#### WHAT TO PRODUCE:
After locating "Powermate PM0601101 manual", return its line and all lines that follow through the end of the listing below, exactly; leave out pictures.
──────── INFORMATION PROVIDED
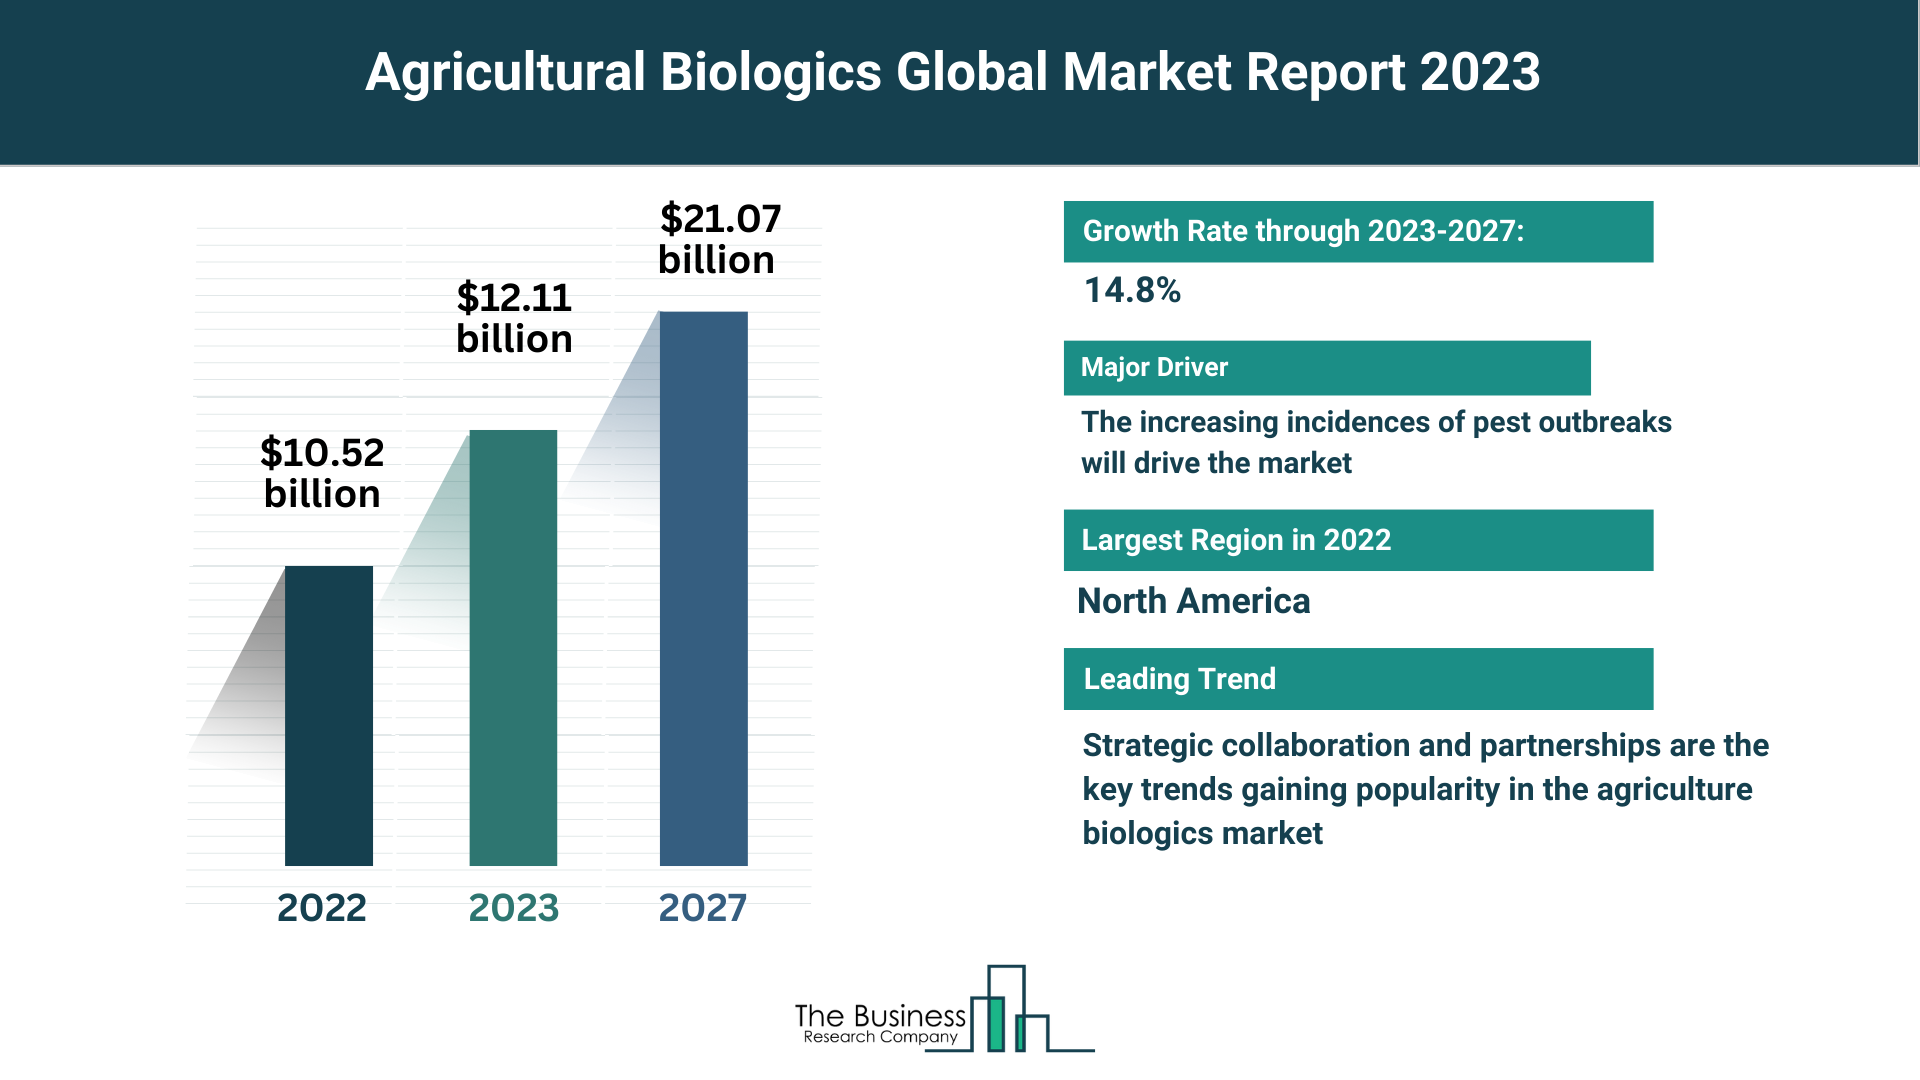 Global Agricultural Biologics Market
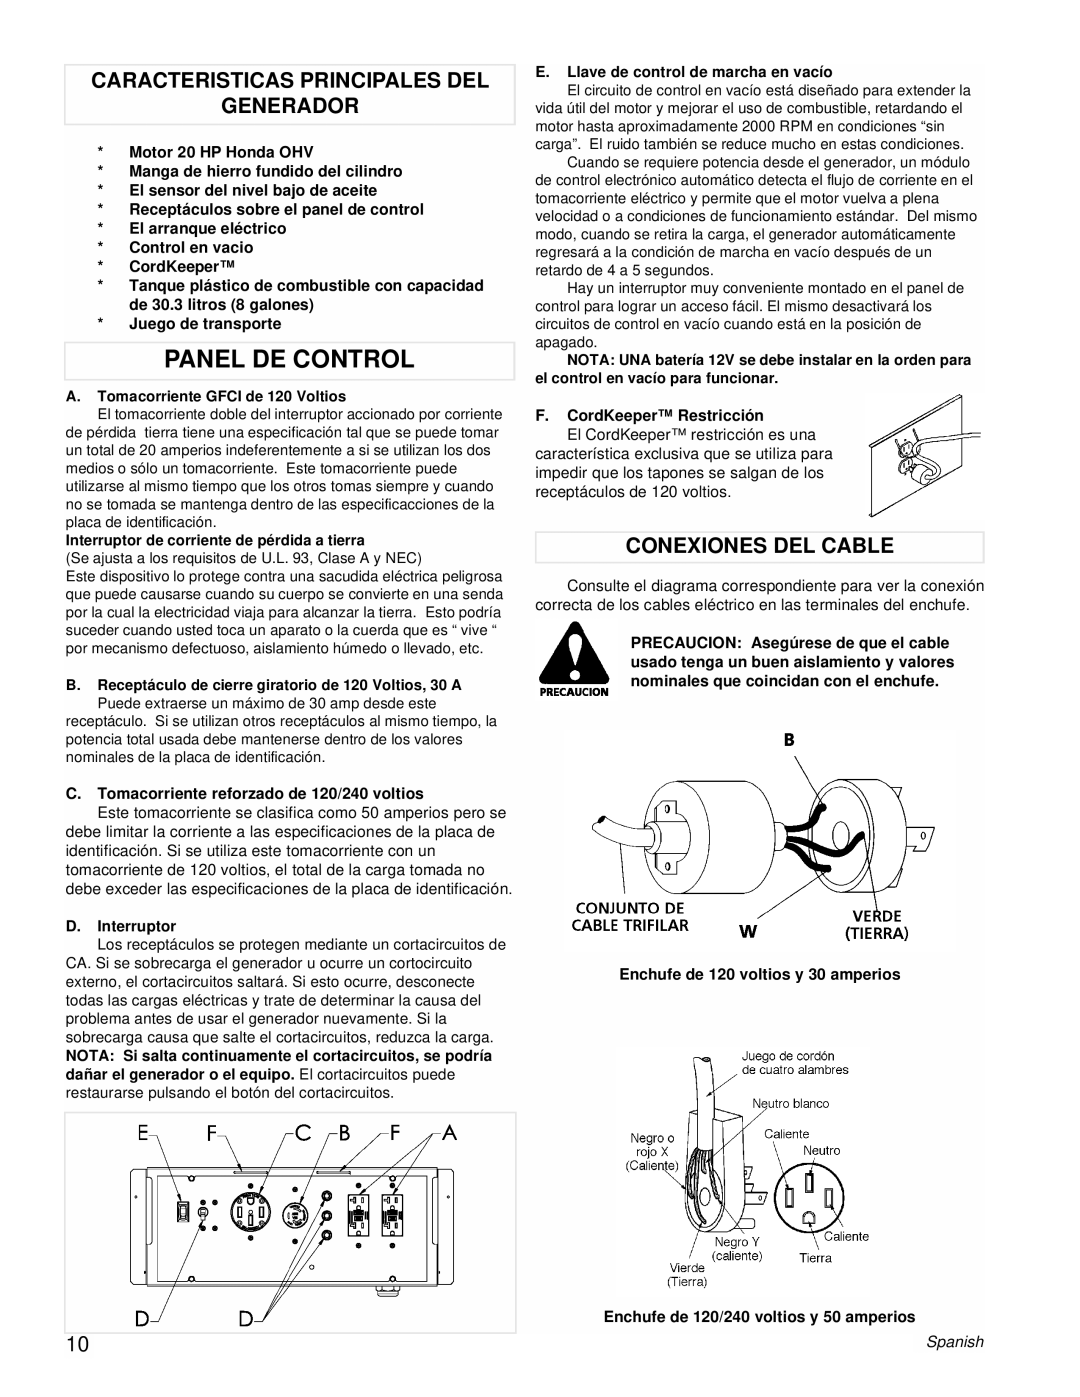 Powermate PM0601101 manual Panel DE Control, Caracteristicas Principales DEL Generador, Conexiones DEL Cable 
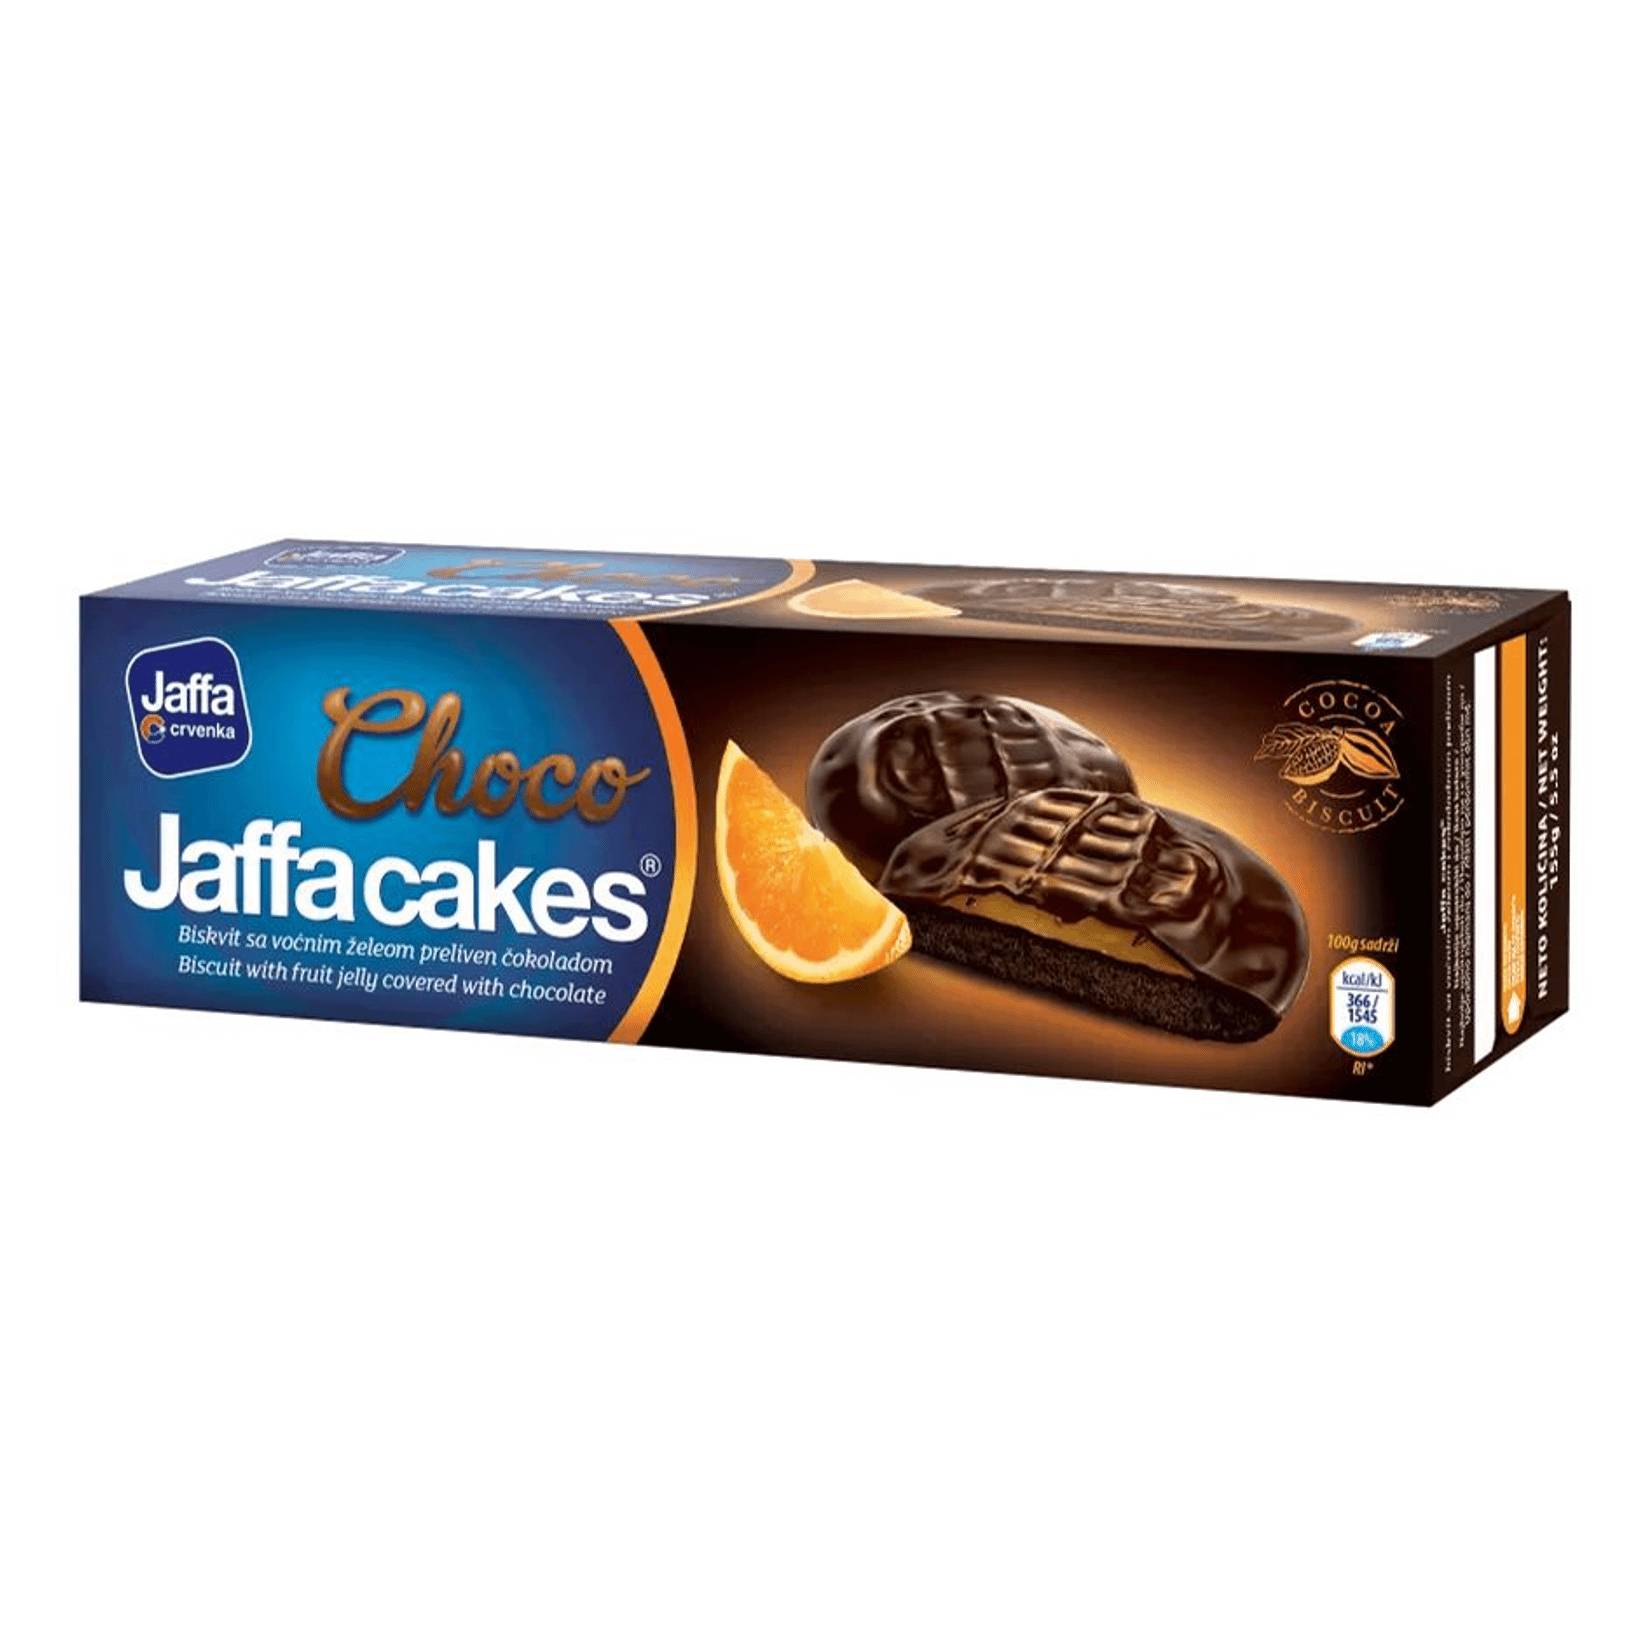 Печенье бисквитное Jaffa апельсин в шоколаде, 158 г печенье бисквитное jaffa crvenka с вишневым желе покрытое шоколадом 155 г
────────────────
#### WRITTEN ANSWER:
 Powermate PM0601101 manual Panel DE Control, Caracteristicas Principales DEL Generador, Conexiones DEL Cable 
 Печенье бисквитное Jaffa апельсин в шоколаде, 158 г печенье бисквитное jaffa crvenka с вишневым желе покрытое шоколадом 155 г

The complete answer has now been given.